SUPPLIED DATA:

^^^^^^^^

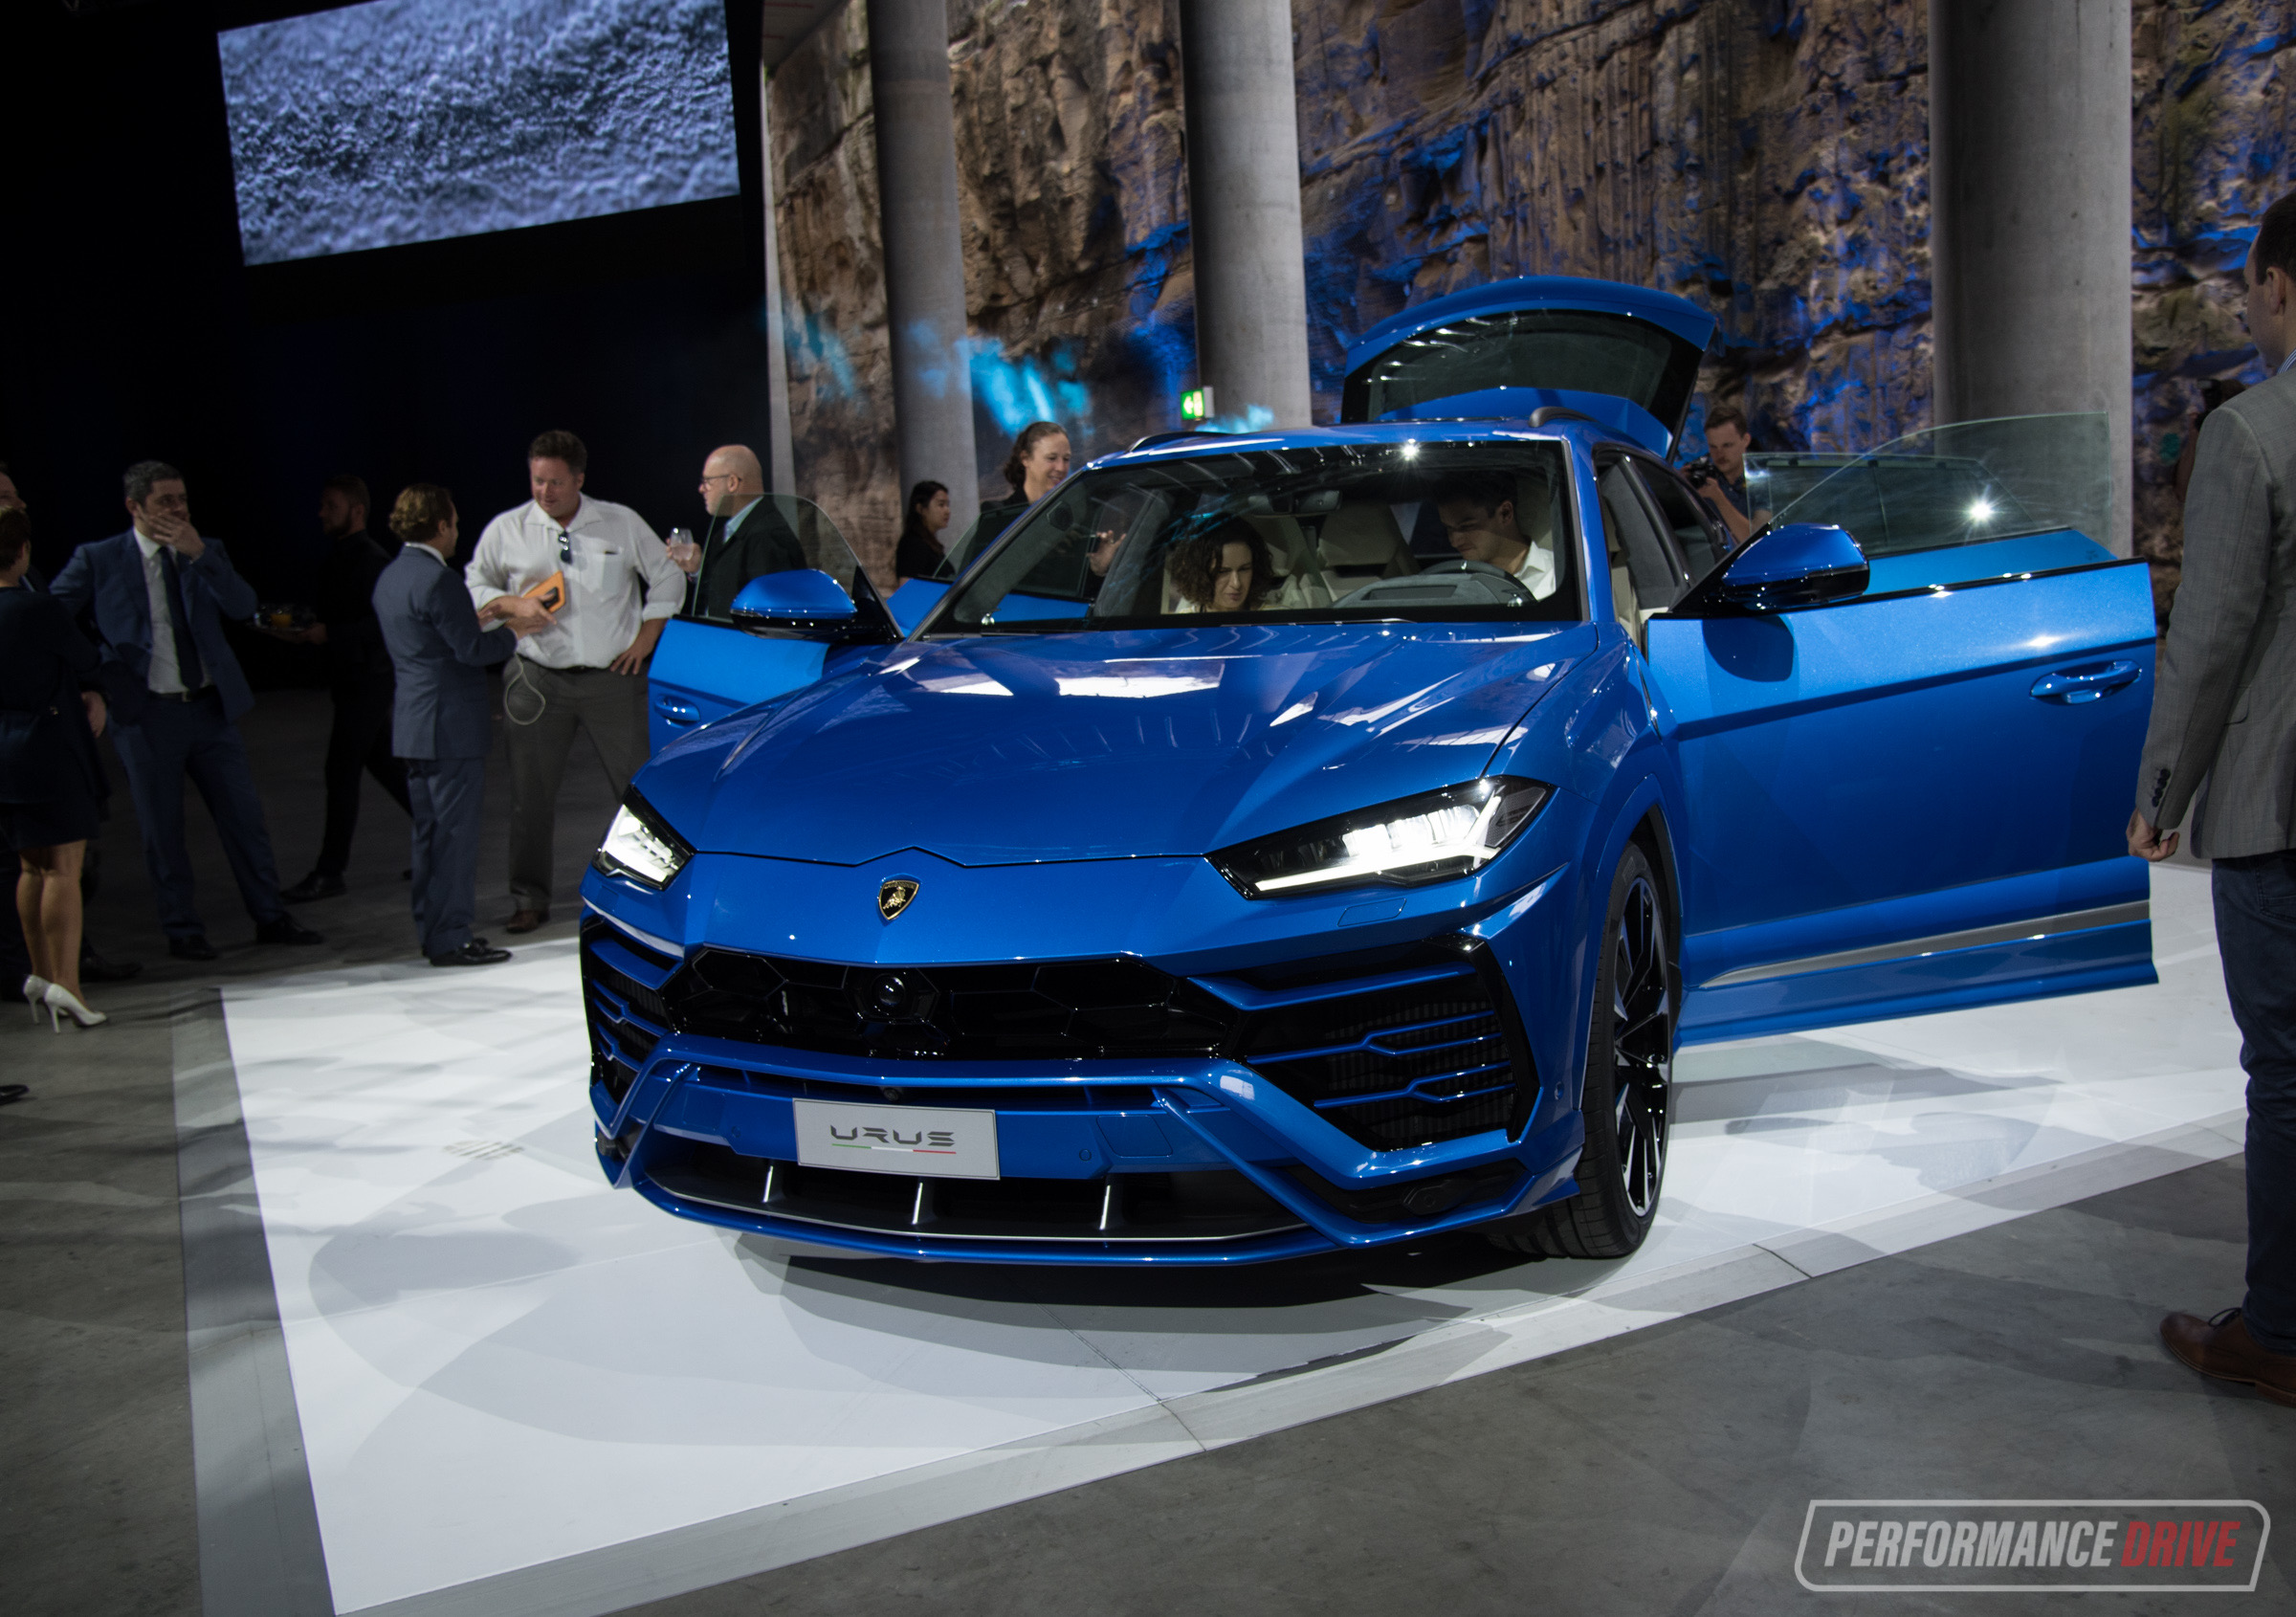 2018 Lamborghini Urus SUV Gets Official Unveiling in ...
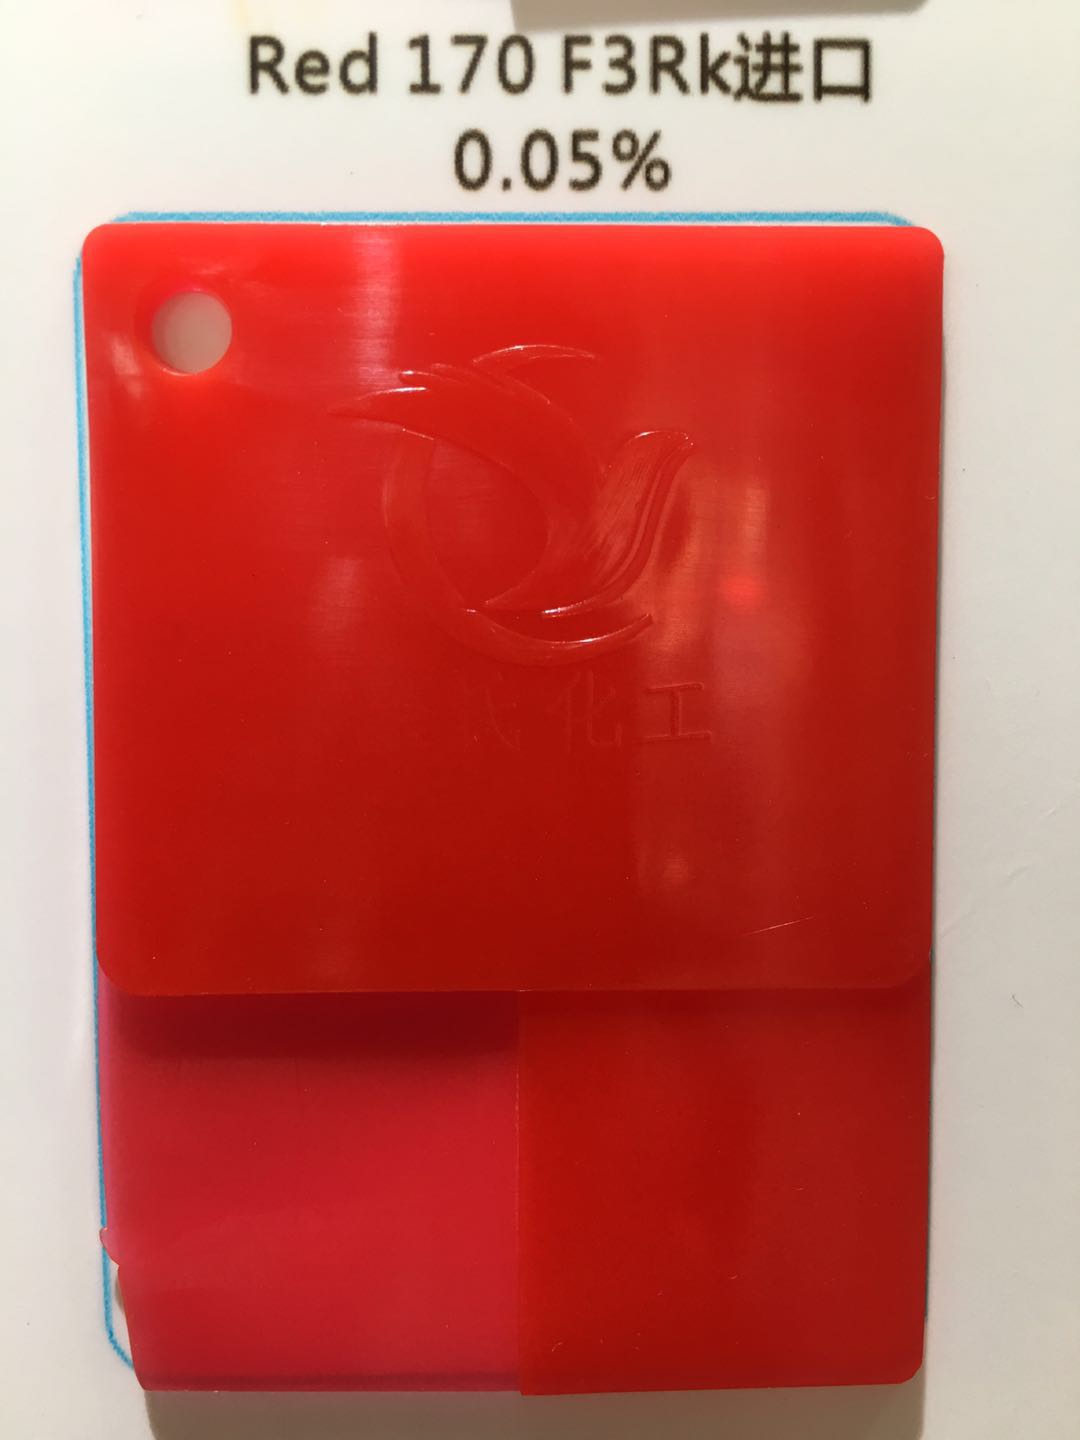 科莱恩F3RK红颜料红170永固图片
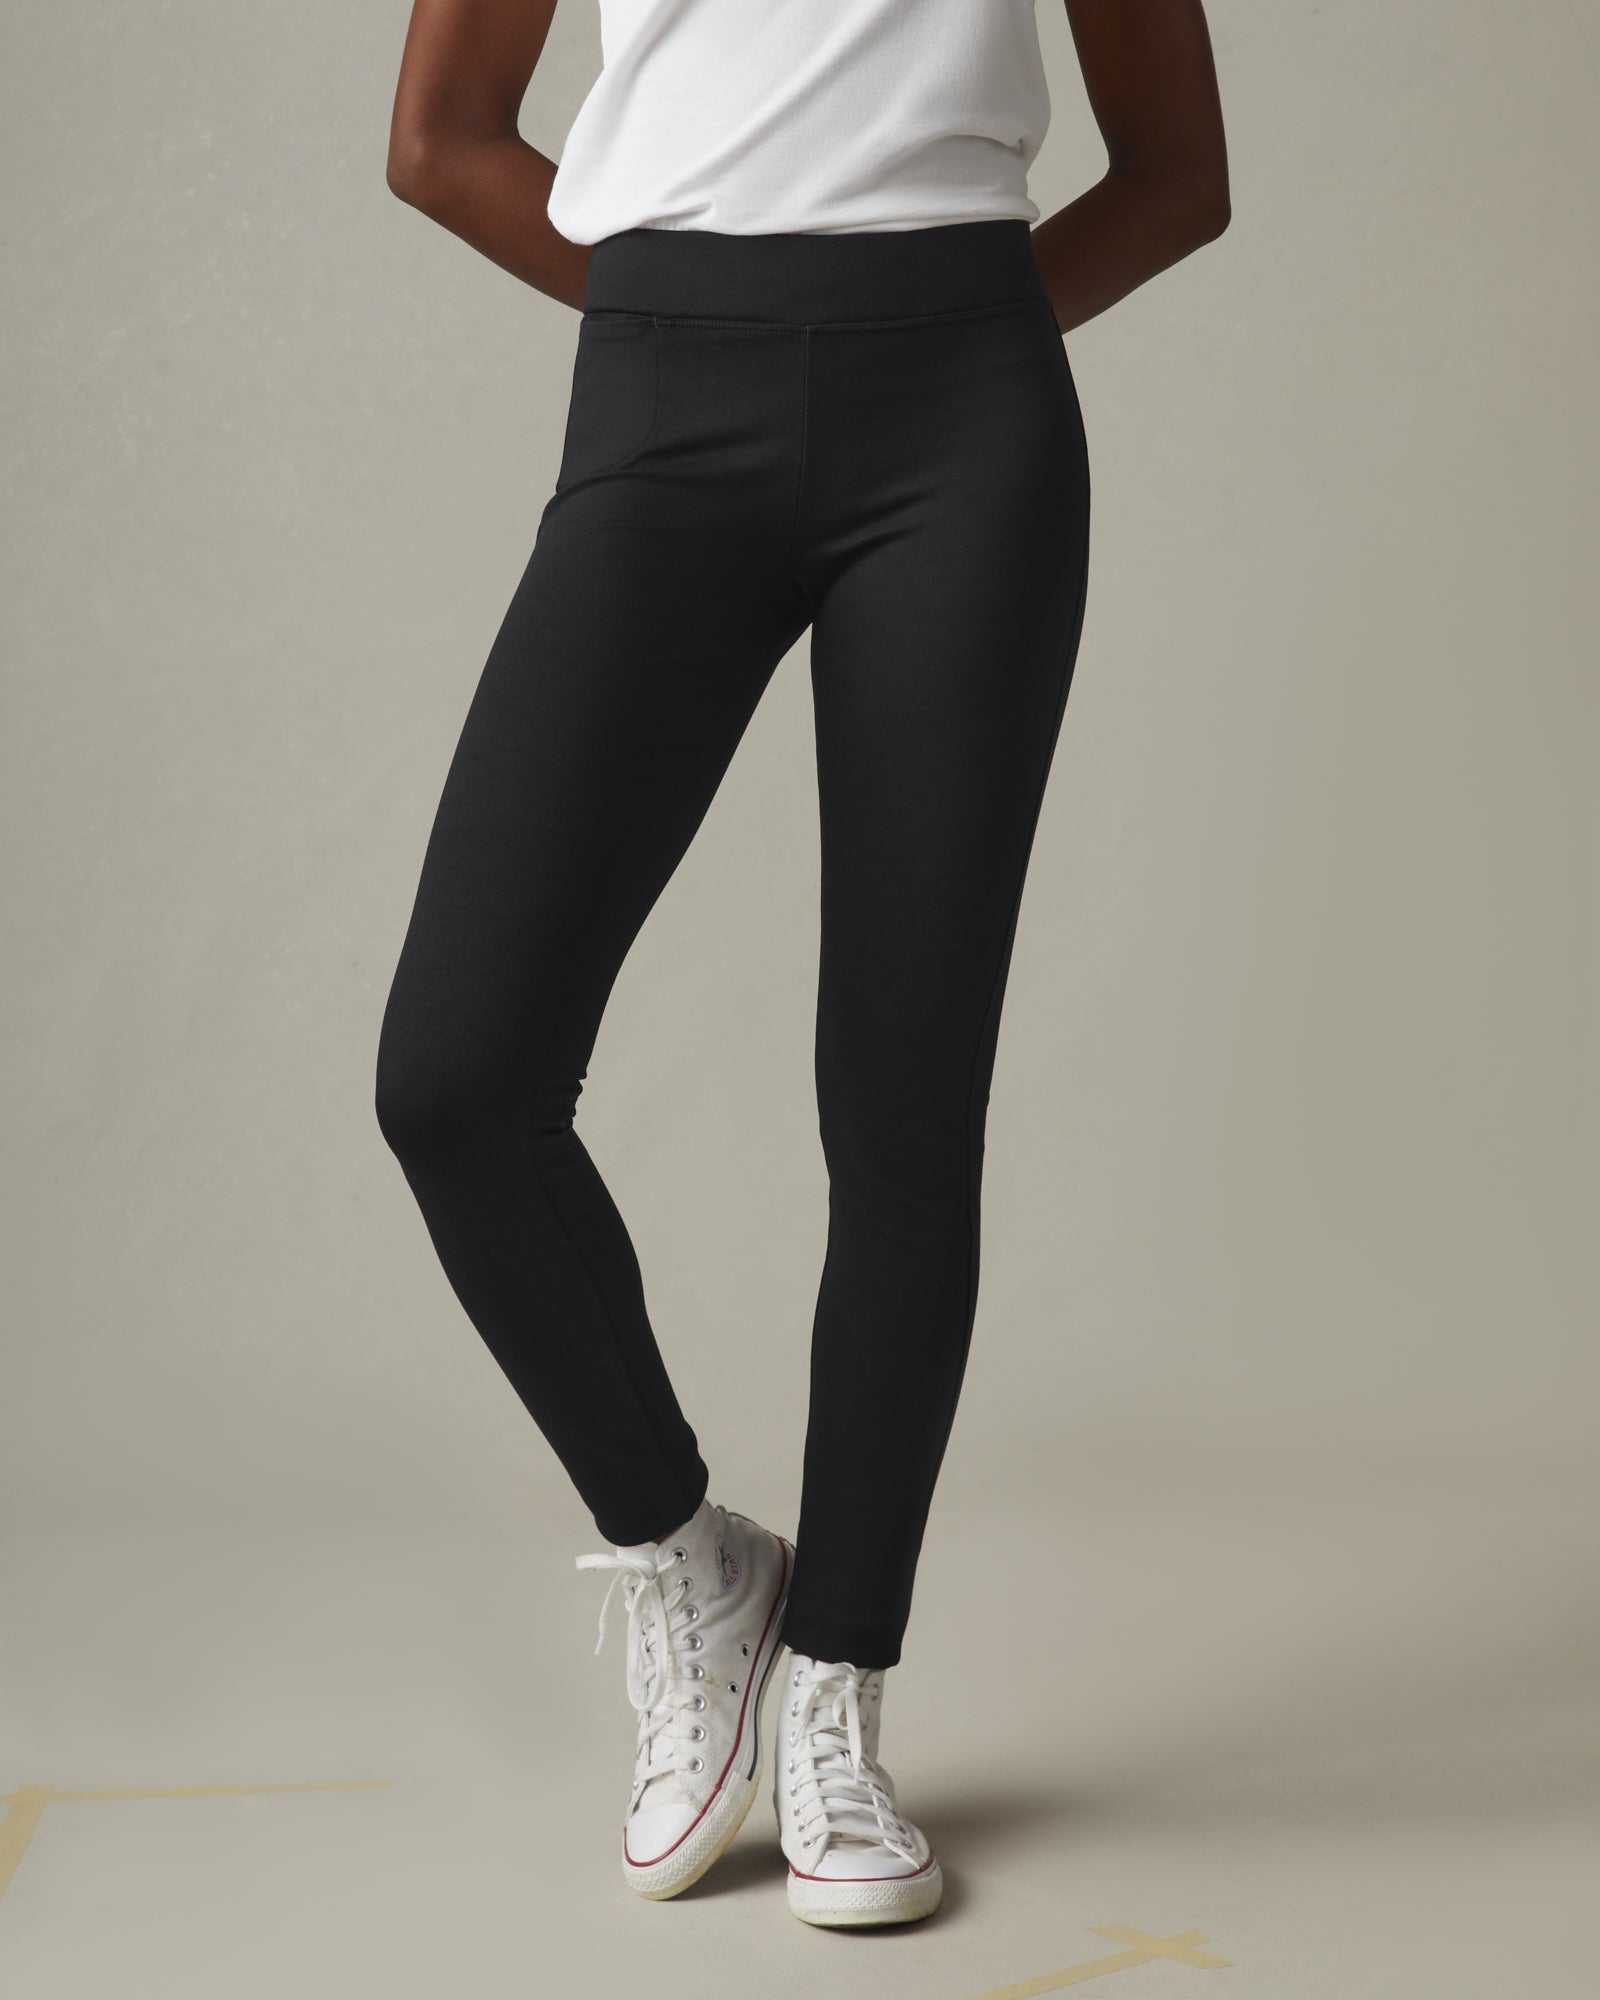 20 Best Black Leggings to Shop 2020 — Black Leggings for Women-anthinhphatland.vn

^^^^^^^^

ABOUT THIS TASK:
The listing above should be repeated word for word, with every image left out.

ANSWER AREA:
 2018 Lamborghini Urus SUV Gets Official Unveiling in ...
 科莱恩F3RK红颜料红170永固图片
 20 Best Black Leggings to Shop 2020 — Black Leggings for Women-anthinhphatland.vn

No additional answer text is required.